Alisha is a fun-loving, God-seeker with a free and magnetic spirit about her. She has a passion to serve God through missions and shepherding the hearts of youth through mentoring and “doing life” with them. Alisha’s commitment to “her girls” is inspiring and paints a beautiful portrait of her service to the Lord. I love being around Alisha because she is hilarious and her “It’ll all work out” mentality will definitely keep the worrier in me grounded. Alisha is also our fitness/heath guru and I’m excited to learn from her! Follow Alisha’s journey here.

The Lord has been teaching me alot about the importance of unity, and I am praying for continued unity among the 3 of us. Please join me in praying these verses over our team.

Philippians 2:1-4
Acts 4:32

Posted by: susankayjones | January 21, 2010

guatemalan job description

many of you have asked, “so, what will you be doing in guatemala?” so, here goes!

first off, i don’t expect any two days to look alike. what i do expect is for me to be surprised, challenged, sanctified and delighted by daily life in guatemala.
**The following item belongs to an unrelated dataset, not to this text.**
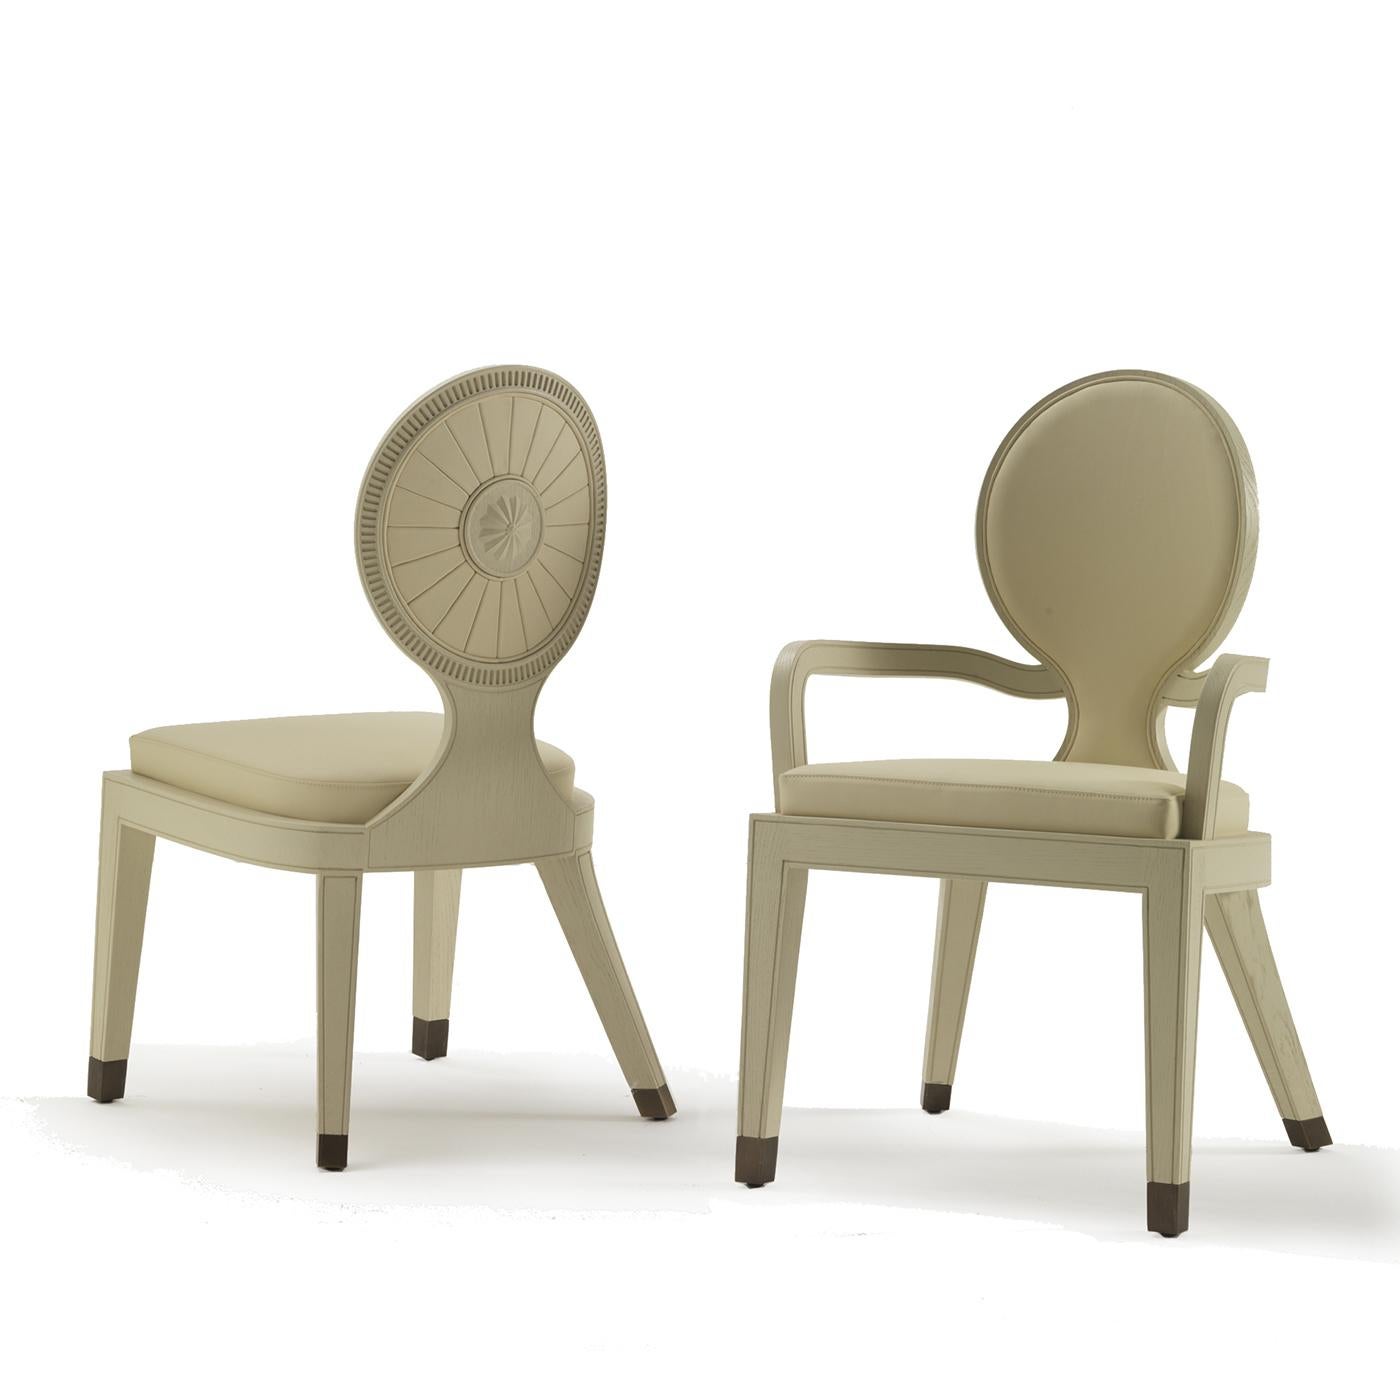 Dieser atemberaubende Stuhl ist ein hervorragendes Beispiel für exquisite Handwerkskunst und moderne Sensibilität. Die von einem traditionellen Design inspirierte Holzstruktur ist in Eiche natur lackiert und bildet einen auffälligen Kontrast zu den

we’ve been given team objectives as well as individual objectives.

here are just a few of the things i am excited about doing:

  • meeting with elders/pastor’s wives to develop women’s ministry/training
  • integration of english speaking members of casa de libertad (the church we are working with) into greater casa de libertad community
  • english training at fundaninos (the orphanage we’ll work with) and casa de libertad
  • coordinate events for casa de libertad
  • support short-term teams from The Village (my home church)
  • web content management for fundaninos and casa de libertad
  • singing with the worship team (they haven’t heard me yet though…this one might be short-lived!)

i am so grateful to for the opportunity to be part of casa de libertad and fundaninos. i can’t wait to begin serving with them!

Posted by: susankayjones | January 4, 2010

best. christmas. present. ever.

touched. overwhelmed. humbled. honored. speechless.

these are just a few of the emotions i felt as i opened what will likely always be my favorite christmas present of all time.

i have 1 neice, age 10 and 3 nephews, ages 9, 5, and 3. i love these kids like my own.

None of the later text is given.